Tanto las alusiones genéricas a los campos de internamiento franceses en Los orígenes del totalitarismo, como la alusión específica al de Gurs de Eichmann en Jerusalén hacen mención explícita de que tales instalaciones se habían construido en un principio para los combatientes españoles refugiados. Así, en el capítulo décimo del informe sobre la banalidad del mal:

El gobierno de Vichy puso a los siete mil quinientos judíos de Baden en el infame campo de concentración de Gurs, al pie de los Pirineos, que se construyó originariamente para el ejército republicano español y que desde mayo de 1940 se había utilizado para los llamados refugiés provenant d’Allemagne, la gran mayoría de los cuales eran desde luego judíos. (Cuando en Francia se puso en práctica la Solución Final, todos los internos de Gurs fueron enviados a Auschwitz)5.

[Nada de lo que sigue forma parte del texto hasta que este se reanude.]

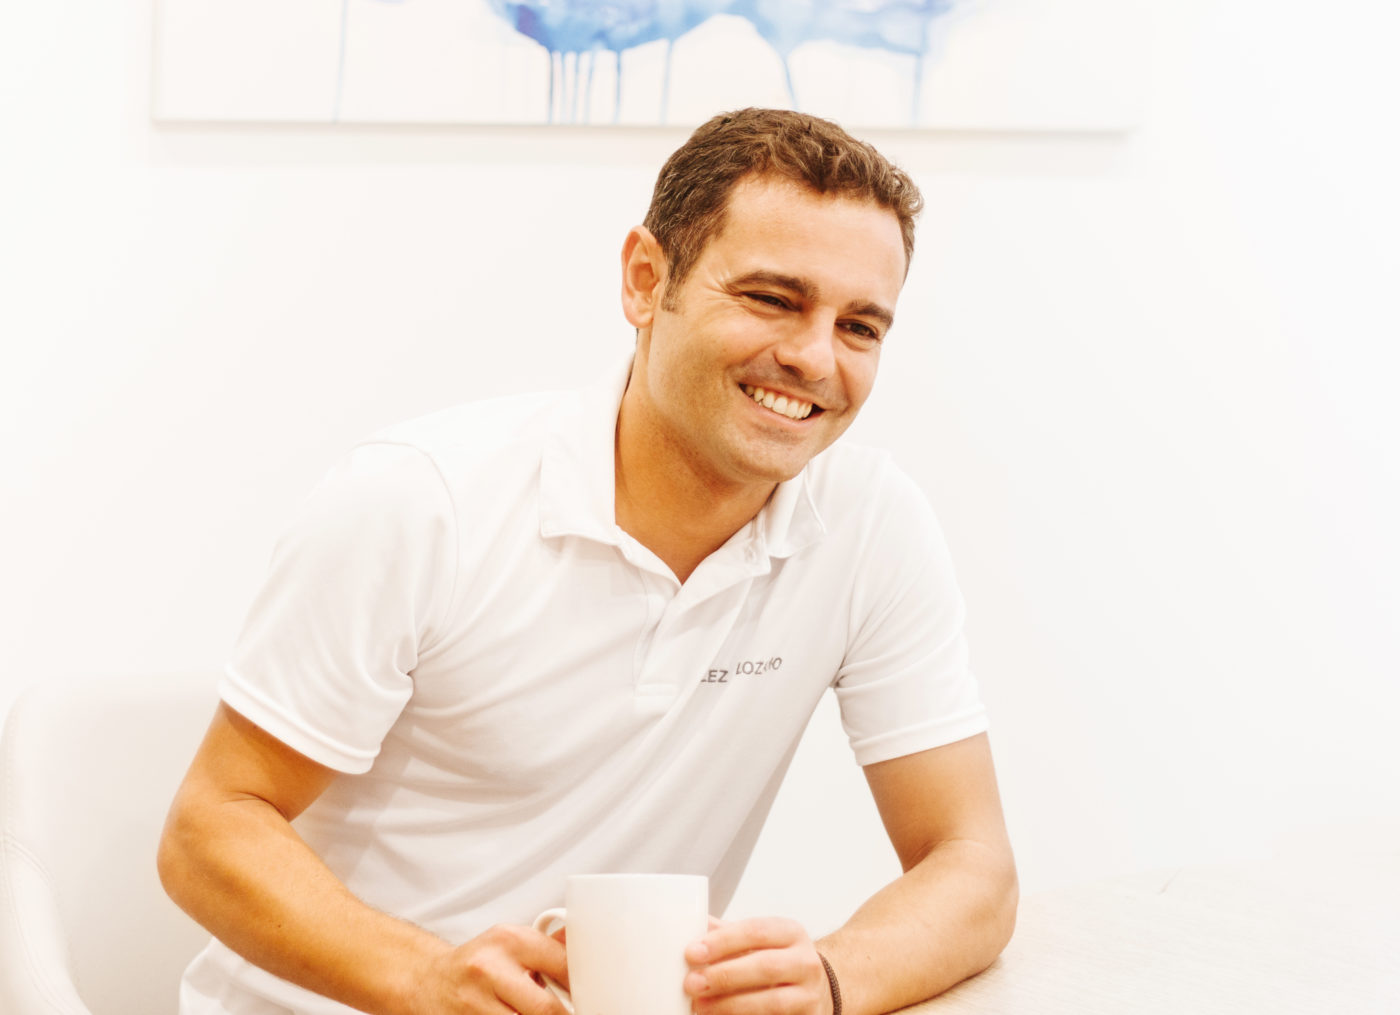 Fernando Vélez sonriendo

En ambas obras la autora pasa en silencio sobre el hecho de que ella misma habitó en torno a cinco semanas en ese lugar de confinamiento. Al poco de escapar del campo, sin embargo, en una carta de agosto de 1940 a su primer marido Günther Anders, Arendt sí describía sus condiciones de vida allí y las comparaba incluso con las más favorables de los españoles que precedieron en el campo a las «mujeres peligrosas» —aunque sería más exacto decir que el término de comparación eran solo los últimos grupos de españoles—:

La vida en los Pirineos, donde en realidad no nos daban de comer, era grotesca en su mezcolanza de pseudo-idilio —¡nada de prensa!— y de peligro más o menos inmediato. Ahora entiendo a qué llamaban los griegos el Hades, una vida de sombras casi normal. Las mujeres —65 en cada barracón en que habían estado 30 españoles, sobre jergones de paja con o sin paja, tan apretujadas a la noche que el más leve movimiento llevaba a caer sobre la vecina, rodeadas por el alambre de espino en el que se ponía a secar la ropa— se pasaban el día de acá para allá en pantalones cortos y traje de playa6.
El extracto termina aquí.